I'm with Bernie on not grinding the slots. I'm pretty sure if you got them where you wanted them, you would grind clear through and have a small hole at each one. But maybe you could try on just one. 

Al


----------



## woodnthings (Jan 24, 2009)

*Grind off the "tabs"!*



igster said:


> have a Skil table saw, and its miter slots are those upside-down t-slot types, not the plain 3/4" flat-sided groove that most table saws have. *I want to know if it's worth it to grind off the little tabs *that stick out into the slots that are at table surface level... .












It's not the slots, it's the tabs. This is about the most common question raised here on that type of saw. Most of the advice is to grind the tabs off and be done with it. It's a POS saw in the first place, if you break something that's already "broken" there is not a huge difference ...JMO.


----------



## Steve Neul (Sep 2, 2011)

The tabs are at the top of the slot. If you are careful to just grind the tab off and not get down in the slot I would do it. I think these engineers that design this stuff are metal workers and don't have a clue about woodworking.


----------



## epicfail48 (Mar 27, 2014)

Bloody hell, i had hoped skil just did that on their band saws. Guess not. Get rid of those buggers as soon as possible, theyre useless


----------



## GeorgeC (Jul 30, 2008)

Steve Neul said:


> The tabs are at the top of the slot. If you are careful to just grind the tab off and not get down in the slot I would do it. I think these engineers that design this stuff are metal workers and don't have a clue about woodworking.
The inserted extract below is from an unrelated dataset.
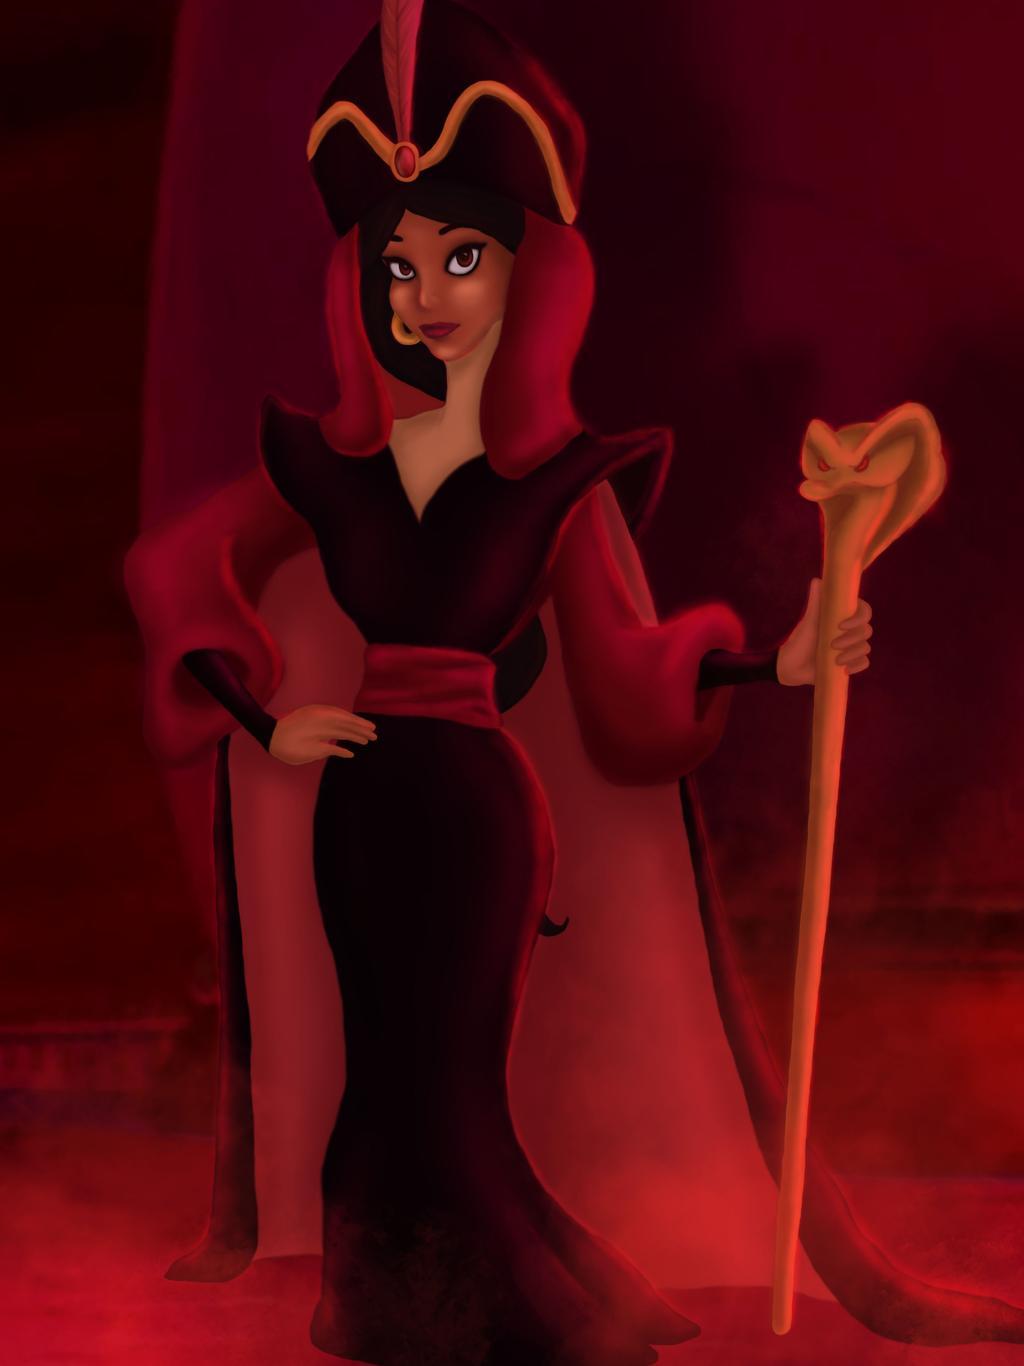 Disney villains reimagined as princesses 13

Agree. The advantages of not having them outweigh the disadvantages.

With an angle grinder it should be relatively simple to grind. It will not hurt if you grind a little too much in just a small area.

George


----------



## BernieL (Oct 28, 2011)

Thanks for the picture Woodnthings - changes my opinion from NO - to maybe. I still think the op should be real careful about grinding those things off. It looks like they could serve the purpose of holding the miter on the table but could be problematic for a sled.


----------



## igster (Oct 31, 2013)

Defintitely +1 for the pic...that's exactly what my slots look like, with those little tabs . I rarely use the miter slide that came with the saw - it's too small and the handle keeps breaking off. If I need a mitered cut I break out the compound miter saw


----------



## Steve Neul (Sep 2, 2011)

Can you get a better miter gauge to fit your saw? If not I don't see any reason to grind the tabs off.


----------



## woodnthings (Jan 24, 2009)

*it's not a standard size slot either...*

It's a 5/8" wide by 1/4" deep slot, maybe 3/8" I donno?
So a standard 3/8" X 3/4" miter gauge will not fit. Like I said POS saw, but if it's all you got, then you run what you brung. I would not want a table saw that trapped my miter gauge bar so that I couldn't remove it at any location on the table, so I favor removing the little tabs.

Improving the miter gauge is probably not going to happen. I would then use my miter saw for those types of cuts OR make a sled using the non-standard size runners.


----------